Qaddafi is gone, but his ouster will not become a model for future
interventions
By Michael O'Hanlon
-MICHAEL O'HANLON is the Director of Research and a Senior Fellow of Foreign Policy at the Brookings Institution
By Michael O'Hanlon
As
of this writing, the Obama administration's Libya policy appears to have been
successful. The combination of targeted airpower, a gradual tightening of the
economic and legal nooses around the necks of Libyan leader Muammar al-Qaddafi
and his cohorts, diplomatic engagement with the Libyan opposition, and quiet
efforts (mostly by Europeans) to work militarily with that opposition
ultimately paid off.
This
is, of course, a provisional judgment. If fighting rages on in Tripoli for an
extended time, the basic humanitarian objectives of the original mission could
be compromised. So could the prospects for reconciliation once the dust
settles. Prolonged violence will make it harder for the former antagonists to
form a workable and stable coalition to build a new Libya. In the end, this
could be a victory -- but an ugly one, as I wrote in March ("Winning Ugly
in Libya").
In
that article, I compared the Libya case to another ugly win more than a decade
ago: NATO's in Kosovo. In that conflict, the postwar challenge was in many ways
easier than what the West faces in Libya. The Serbian leadership remained
intact, and Kosovo's liberation force was generally cohesive. There was also no
particular need for the two sides to reconcile; Kosovo became a haven for
ethnic Albanians, Serbia remained one for Serbs. Meanwhile, NATO and the United
States were presumably prepared to resume operations there if Serbian leader
Slobodan Milosevic attacked Kosovo again.
In
contrast, many of Libya's tribes are still friendly to Qaddafi yet will need to
be included in a future government. Leaving them out of the process could lead
to factionalism, civil war, and even terrorism.

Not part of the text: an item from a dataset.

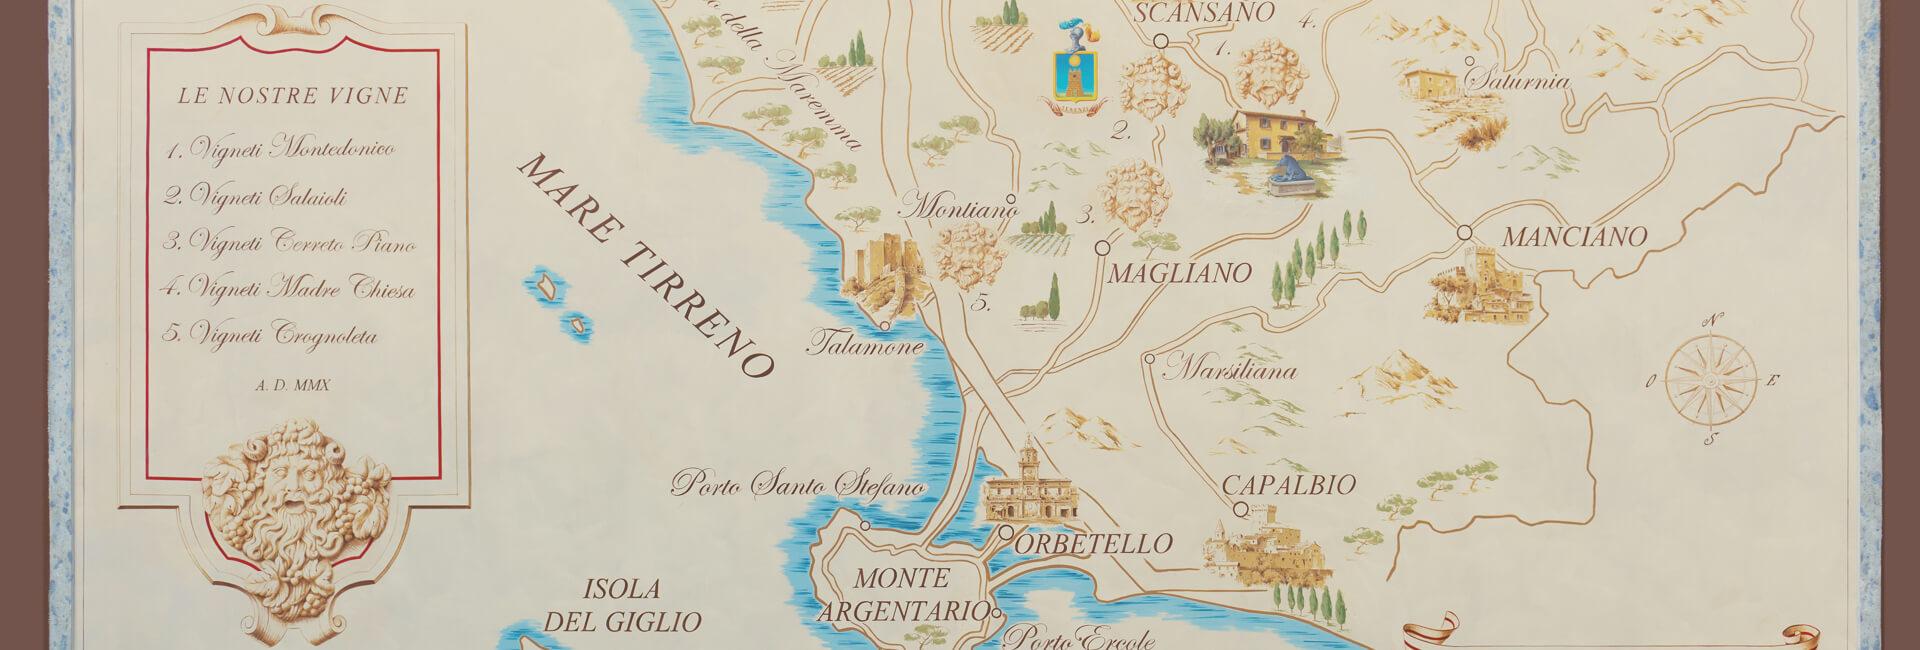 territory-terenzi-winemakers-scansano

And so far, NATO has no plans
to deploy ground troops to Libya, although some, including Council on Foreign
Relations Fellow Max Boot, have suggested that it be willing to do so. Even if
it did, such a force would only be to the good if the United States played a
modest role in it and Arab -- or at least Muslim-majority -- countries sent
troops as well.
Regardless,
with Libya seemingly on the right track for now, many have already called the
campaign evidence of a clear Obama doctrine. To the contrary: Qaddafi's ouster
will not be the signature accomplishment of a president who has somehow found a
new and successful approach toward greater multilateralism and burden sharing.
Libya
was a special case. For one, President Barack Obama could be patient and
deferential to the Europeans there, because Libya is a second-tier regional
player and of limited strategic value to the United States.
Second,
during the five months of the military campaign, U.S. economic woes became so
severe that the importance of the Libya issue essentially disappeared from
public view. Continued killing in Syria, unrest in Yemen, and major uncertainty
in Egypt reinforce this point. All of these countries are probably more
important in terms of U.S. interests, yet Obama has made no moves to get
involved.
Third,
Libya's geography was extremely conducive to waging an airpower campaign. The
country's demographics, with different tribes concentrated in separate cities
along the coast and within reach of numerous NATO airfields, are not a luxury
the United States will often enjoy.
Fourth,
Qaddafi was so unpopular among Arabs that, even given Obama's low popularity in
the Arab world today, NATO could find allies there to lend the operation
legitimacy.
Finally,
Obama's taking a secondary role in a humanitarian intervention is actually no
great breakthrough in the annals of U.S. foreign policy. Be it Somalia, Rwanda,
or another case, Washington has tended to try to minimize its role over the
years. Obama played the supporting role better than U.S. presidents usually do.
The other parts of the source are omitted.